2. The parallel circuit architecture of a battery module of claim 1, wherein the first end of the battery cell is a positive end and the second end of the battery cell is a negative end.

3. The parallel circuit architecture of claim 1, further comprising a plurality of positive lines, each positive line having one end connected to a positive power layout area of the circuit board and another end connected to the corresponding first conductive sheet.

4. The parallel circuit architecture of claim 3, wherein the first conductive sheet comprises at least one first fixing base, and the other end of the positive line is welded on the first fixing base.

5. The parallel circuit architecture of claim 1, further comprising a plurality of negative lines, each negative line connected between a negative power layout area of the circuit board and the corresponding second conductive sheet.
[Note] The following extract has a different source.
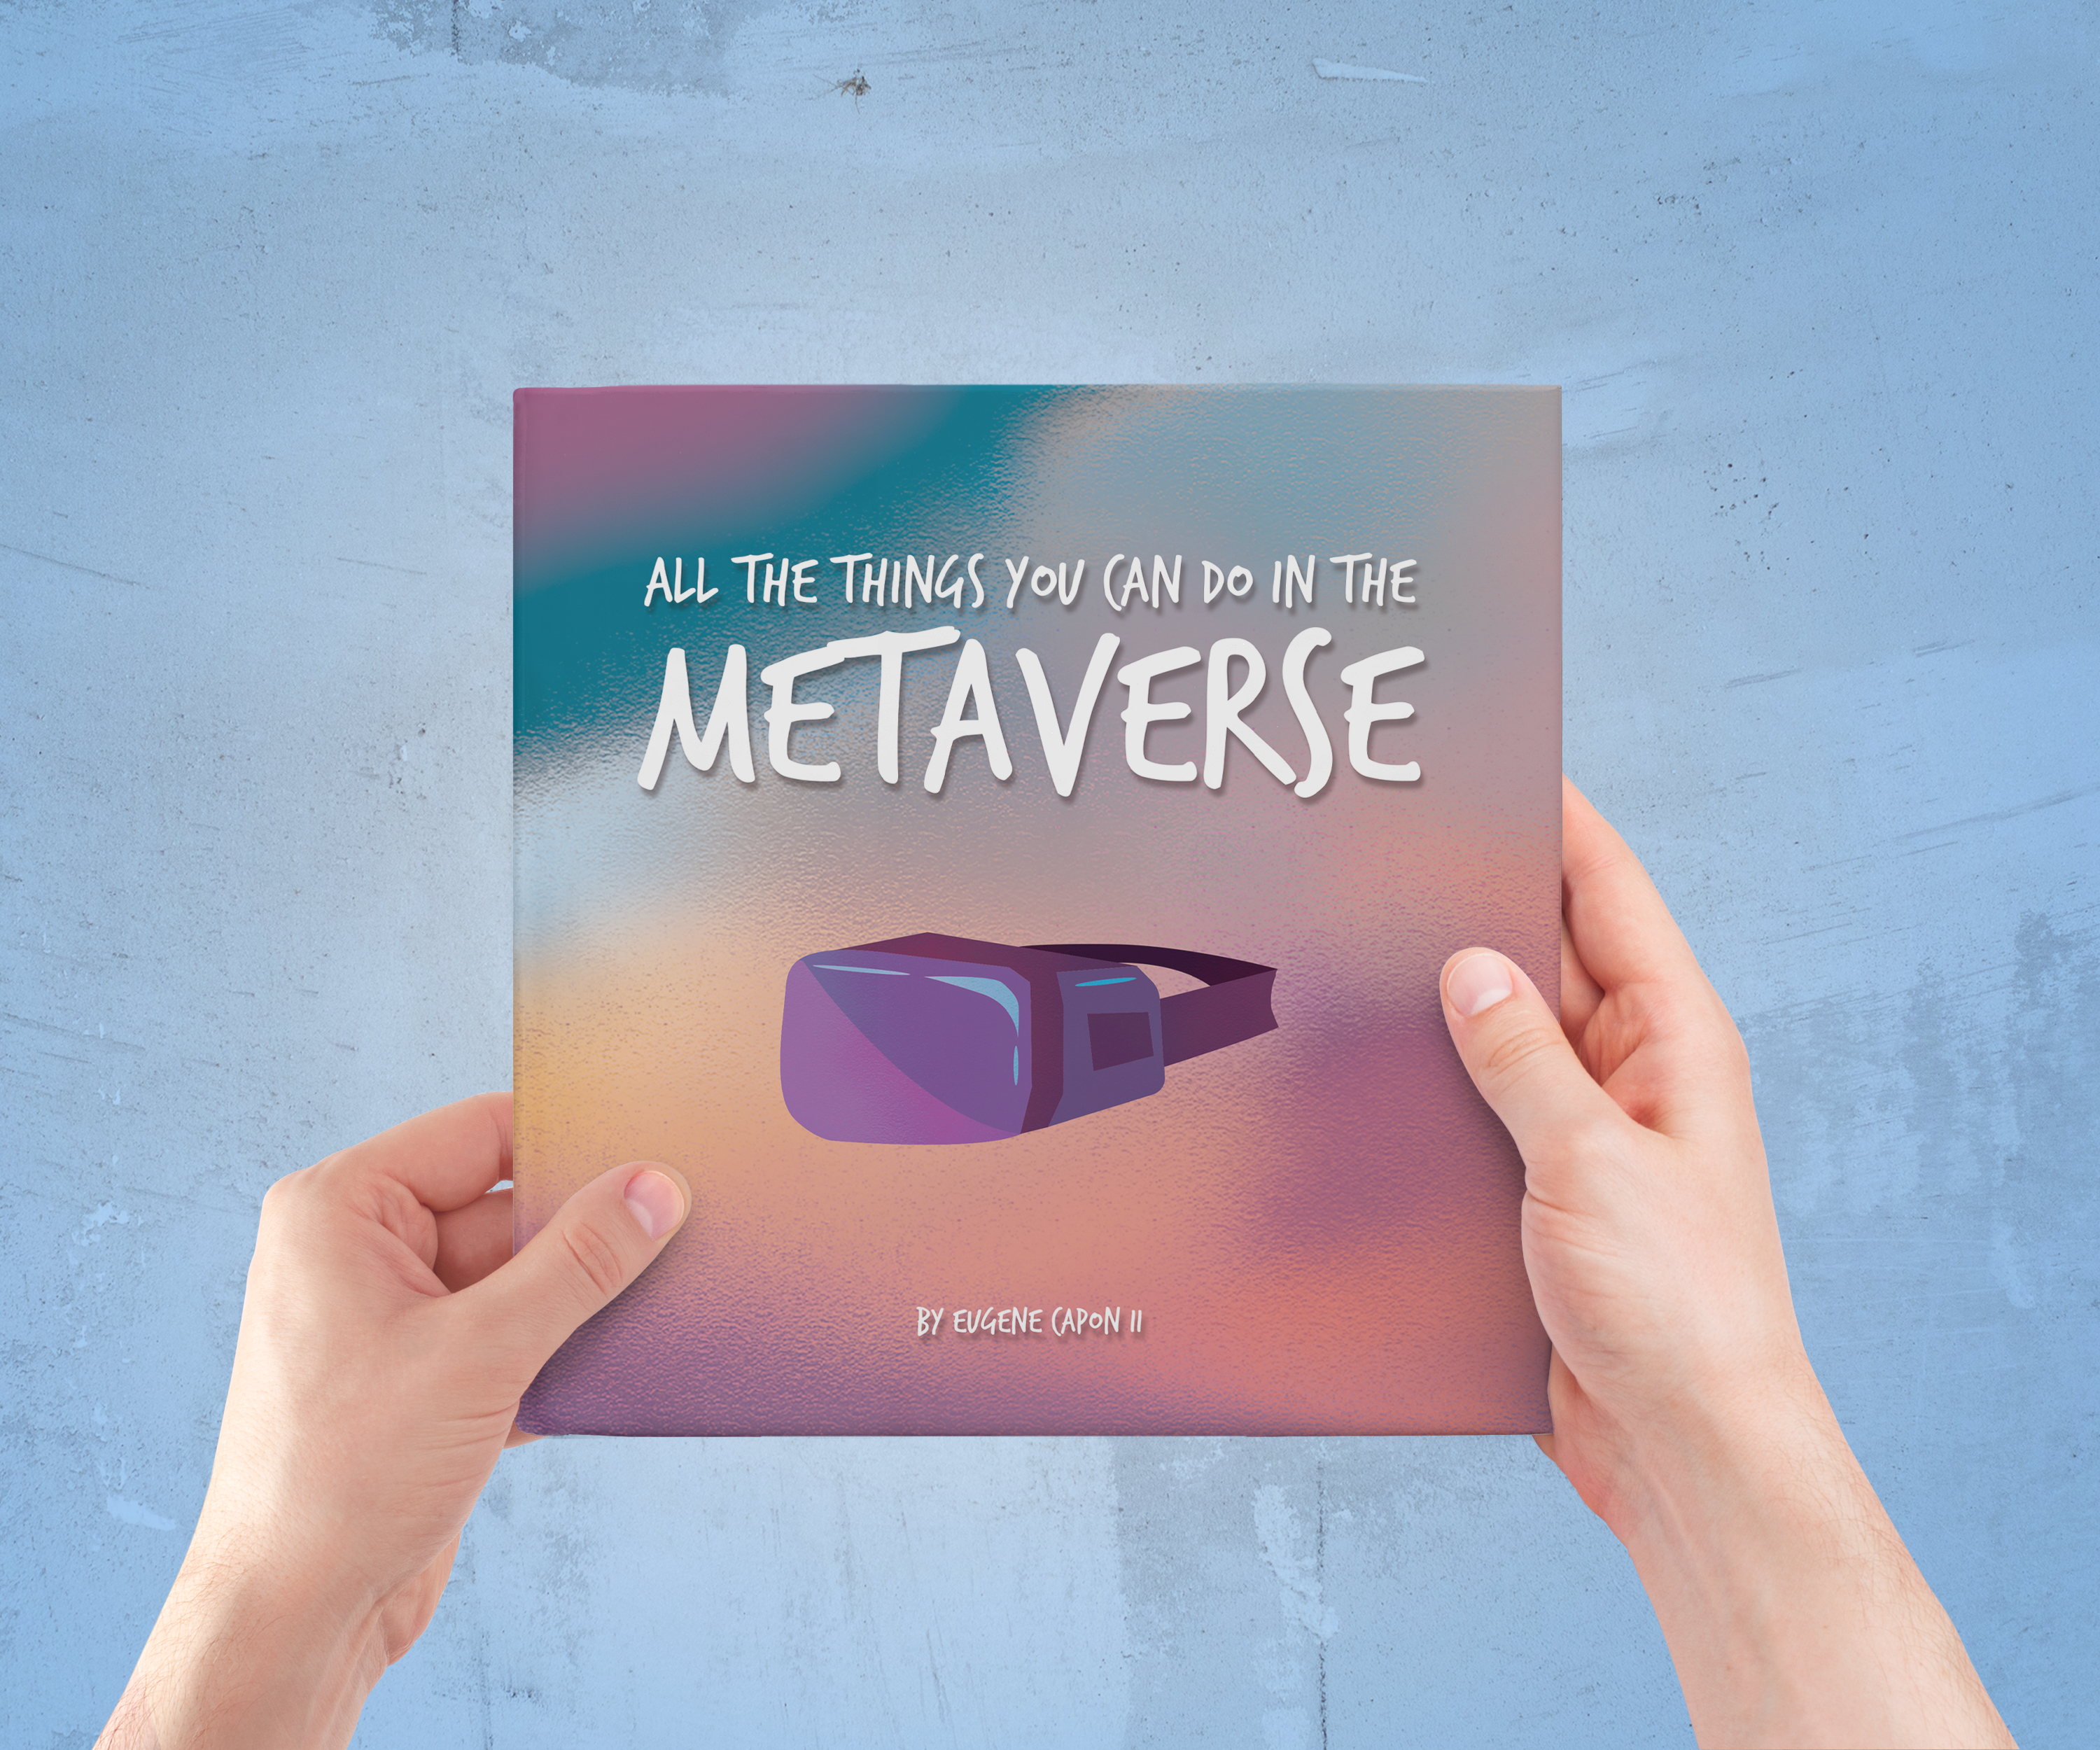 All The Things You Can Do In The Metaverse
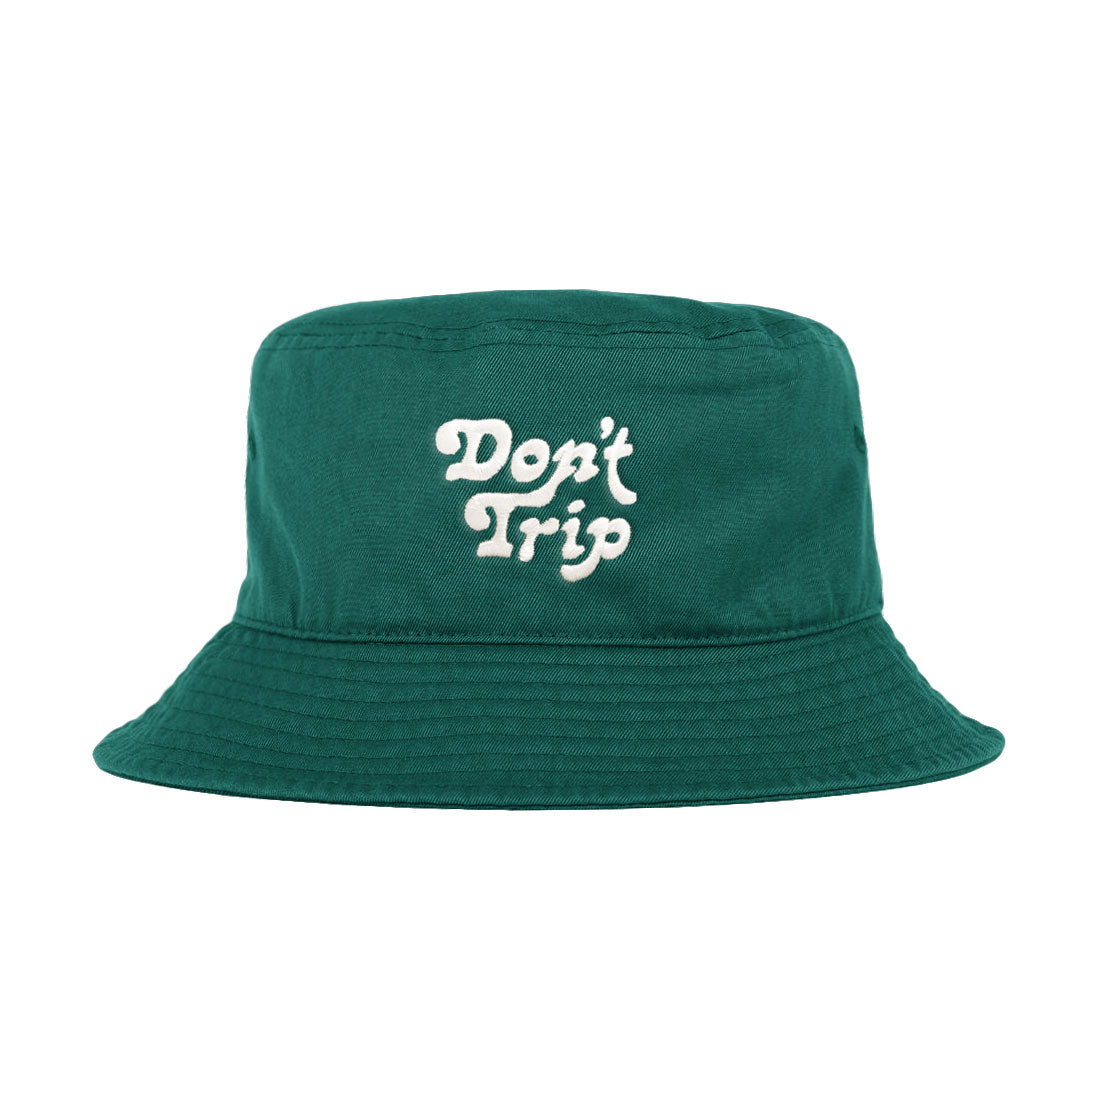 Free & Easy Don't Trip Bucket Hat in green with white Don't Trip embroidery on a white background -Free & Easy

6. The parallel circuit architecture of claim 5, wherein the second conductive sheet comprises at least one second fixing base, and the other end of the negative electrode wire is welded on the second fixing base.

7. The parallel circuit architecture of claim 1, wherein the third conductive sheet comprises at least one third fixing base, and one end of the first circuit branch line is welded on the third fixing base.

8. The parallel circuit architecture of claim 1, wherein the third conductive sheet comprises at least one third fixing base, and one end of the second circuit shunt wire is welded on the third fixing base.